I read, talked, searched.  I looked into Zen, but couldn’t meditate.  I got pretty serious about existentialism because I was also depressed after my mother’s death. Camus is depressing.  I looked into right-wing politics and ran into another closed system.  So, I became an annoying agnostic.  I challenged everything.

Then came the late 1960’s and drugs.  Marijuana taught me how to feel.  LSD stripped my ego away so I could see and feel the vast, wondrous, interconnected universe.  The problem with the drugs is that you come down.  I got a glimpse and some of the feeling of the One, but not enough.  Drugs opened the door, but were not the answer.

Jesus

Jesus

Then, in the early 1980’s,I was having a dark night of the soul from a divorce and fell into the clutches of a Pentecostal deacon.  I prayed the prayer, asking Jesus into my life and it happened.  I felt like I was wrapped in love.  It was a tangible, physical and emotional feeling.  I was a Christian instantly in a basement apartment in LaSalle, Colorado.  Two weeks later I was a speaking in tongues Pentecostal.  What a time.  I had experience after physical experience of joy, love, and deep peace.  I felt delivered from many of my old hang ups and was a new person in Jesus Christ.
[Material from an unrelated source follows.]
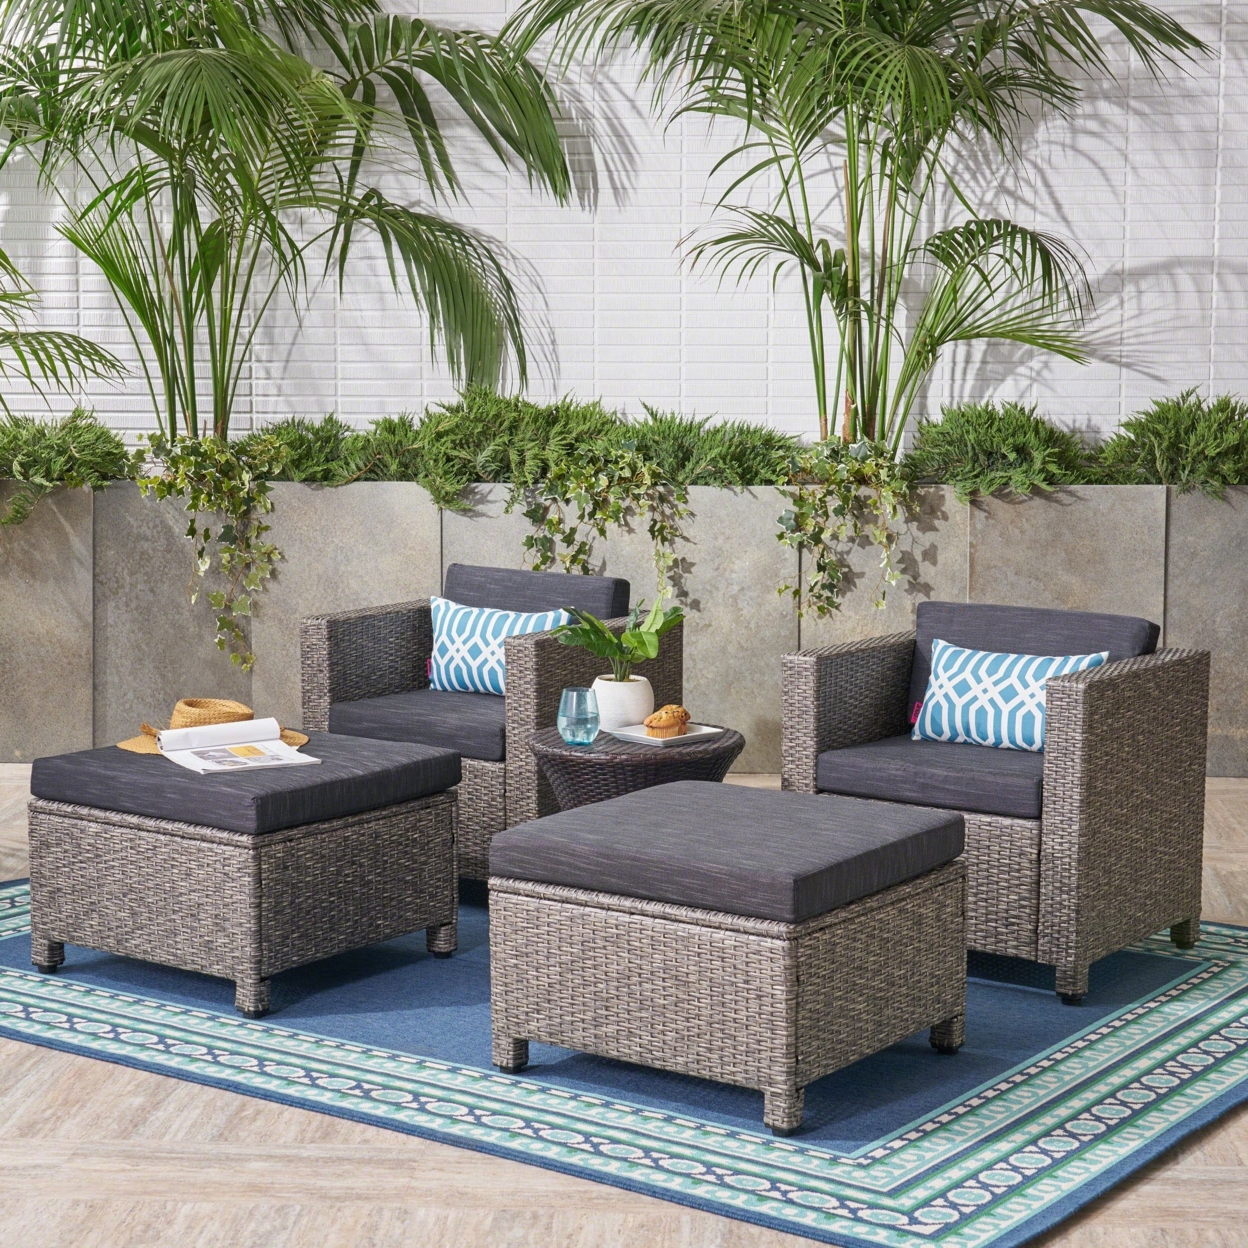 Buzz Outdoor 4 Piece Wicker Club Chair And Ottoman Set, Mixed Black With Dark Grey Cushions

I put my rational skepticism on hold.  I had found spiritual experience.  After a year I started having problems with the fundamentalism.  Pentecostals are a bit better, but they are still fundamentalists, and took the evangelical ideology and the Bible literally.  The currently popular fascination with the end times and the book of Revelation just did not ring true, and I studied it carefully.  The dire prophesies in Revelation are about Rome, not today.  The Romans destroyed the temple in Jerusalem in 79 AD and the Jewish diaspora began in earnest.  No wonder John of Patmos wrote an apocalyptic book about the oppressors.
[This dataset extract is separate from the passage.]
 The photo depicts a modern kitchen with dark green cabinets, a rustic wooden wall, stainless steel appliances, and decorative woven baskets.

The profound spiritual experiences began to fade, although I still pray in tongues.  I also moved to Colorado Springs, fell in love (More physical and emotional experiences, and just as meaningful.)  I ended up at a Charismatic Episcopal church that combined the wonderful ancient liturgy with the gifts of the Spirit.  The Episcopal Charismatics are part of the evangelical wing of the church and I ran into the same problem.  I ended up an Episcopalian in a mainstream liberal parish.

Buddha

Buddha

About this time I also found I can meditate, probably a gift of the Spirit.  I looked into Zen Buddhism.  Sitting Zazen, meditating, was wonderful.  All the rules coming from a rigid Japanese culture did not work.  I could not walk into the Zendo, the meditation room, without doing something wrong and getting caught.   Now I use Insight Meditation, part of the  Theravadan tradition of Buddhism, but here it does not carry all the cultural baggage the Zen folks continue.  My mantra, however, is the Jesus Prayer, an ancient orthodox prayer.  “Lord Jesus Christ, Son of God,  have mercy on me, a sinner.”  Try about 3000 repetitions daily.  Read The Way of a Pilgrim, written by a Russian Orthodox mendicant.
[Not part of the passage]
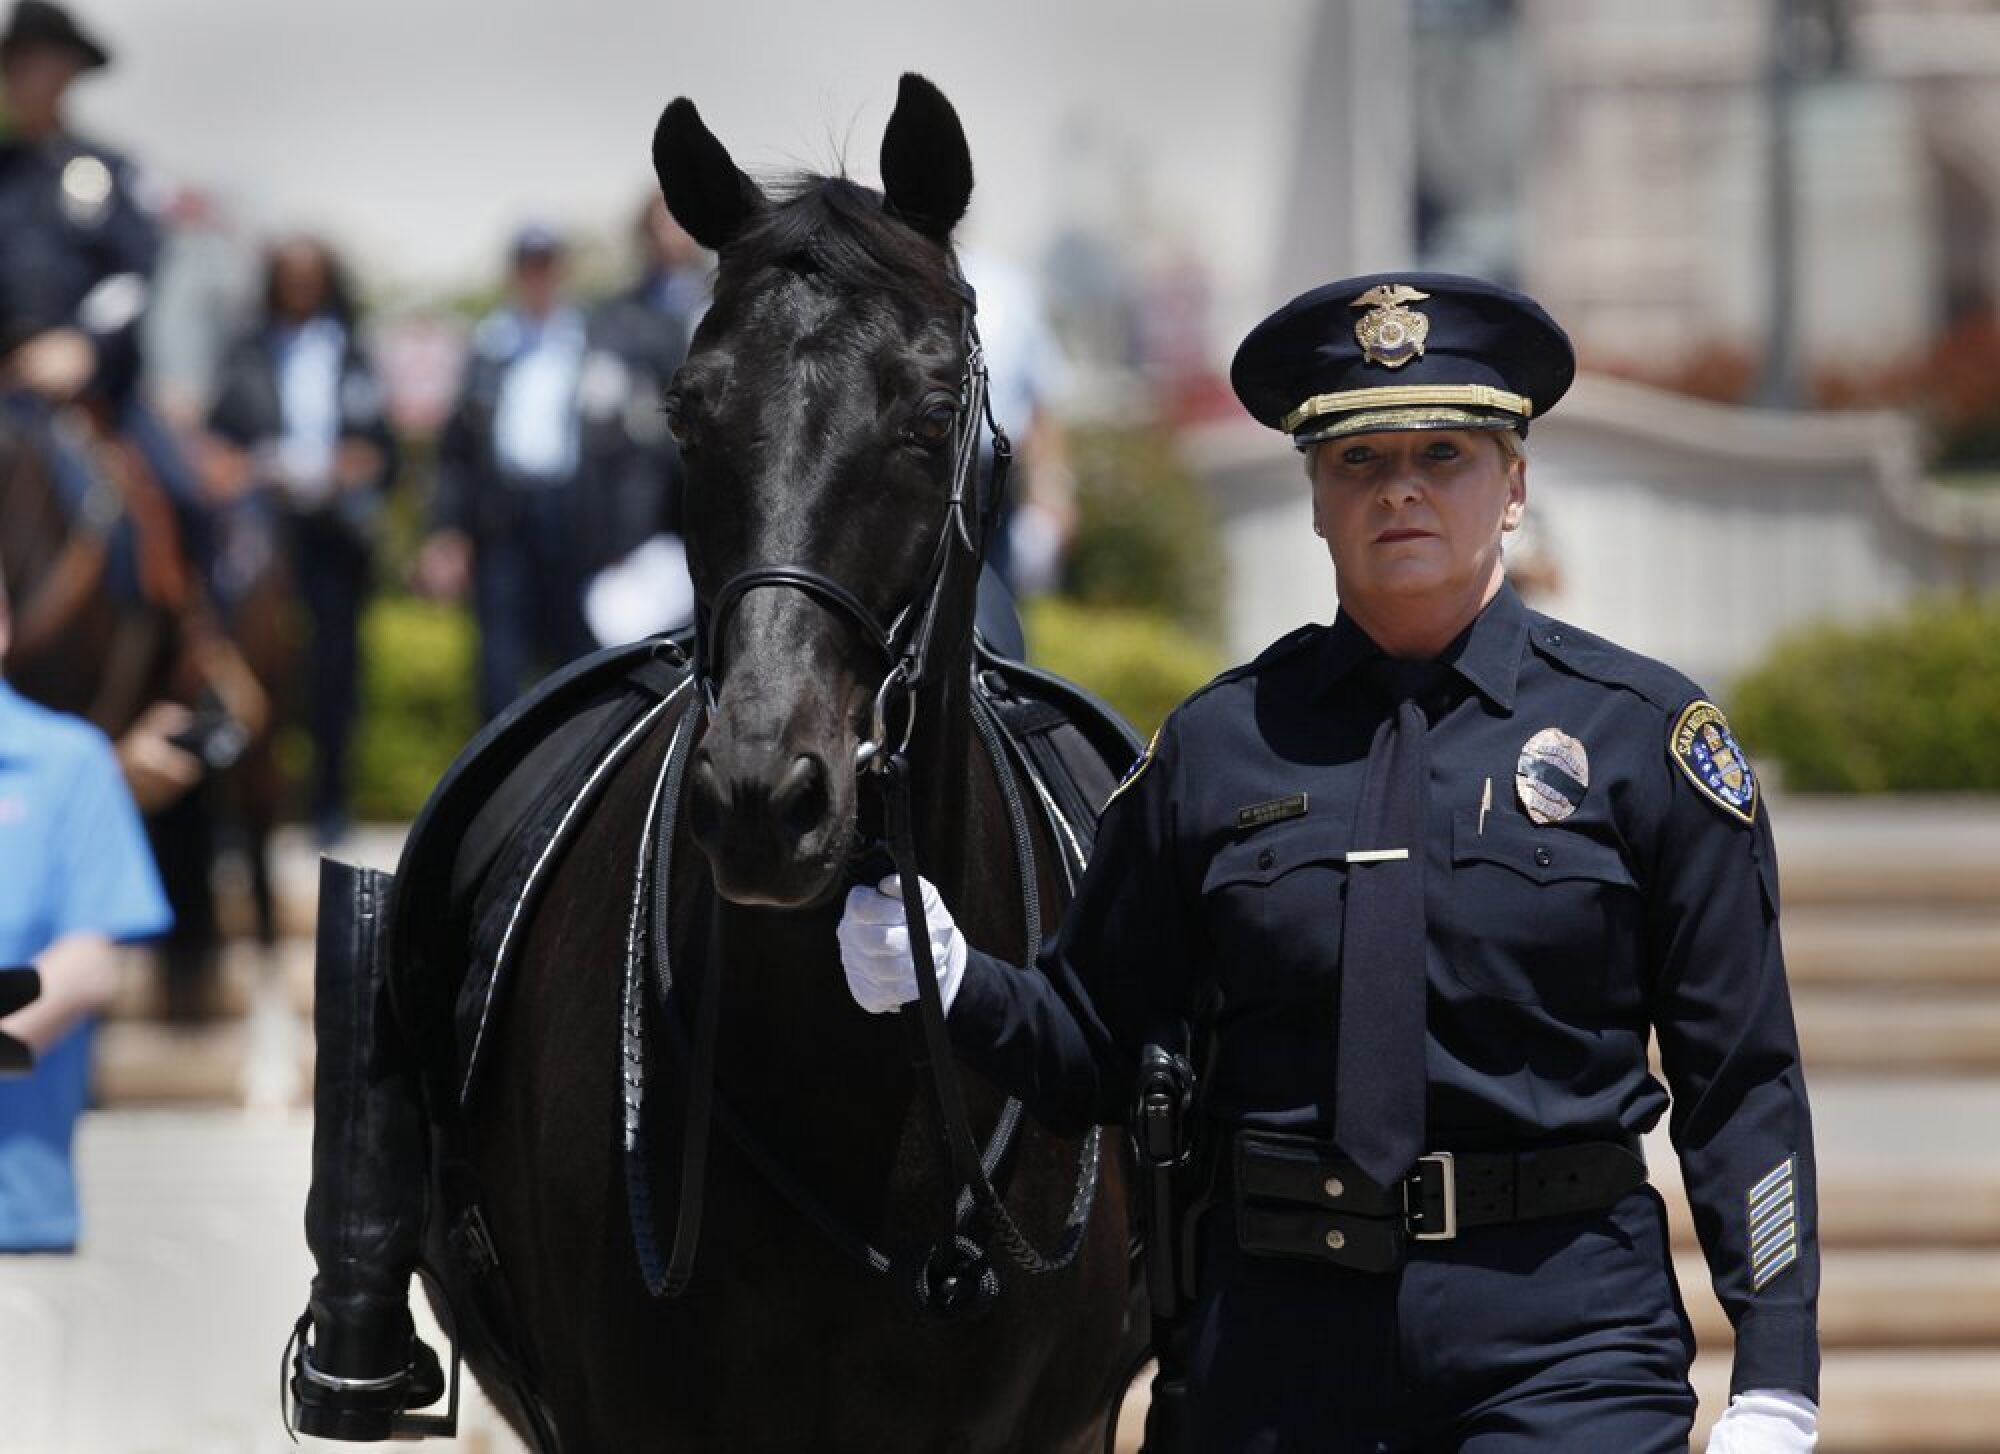 Then-Police Detective Maura Mekenas-Parga leads a police horse at a ceremony for a fallen officer.

I also explored Christian Contemplative prayer.  It is an ancient tradition, starting with the Desert Fathers in Egypt in about the third century.  Today, Thomas Keating,  a Trappist from the monastery in Snowmass CO, and Thomas Merton are the best known from their writings.  There is a large network of contemplatives, mostly Roman Catholic, but from many other denominations as well.

Today, I guess you can call me a Buddhapalian.  I don’t often attend services, but I meditate daily, pray, and do longer meditations almost weekly.  This fits my pattern.  I have big spiritual events, sometimes lasting years, and quiet times lasting years.  I am happy with that.

I have two bits of advice.  Don’t trust anyone who says they know the answers except Jesus and the Buddha.  When you pray, don’t ask for specifics, ask for what is best for the situation.  As for what it all means, it’s a mystery.  I remain a skeptic.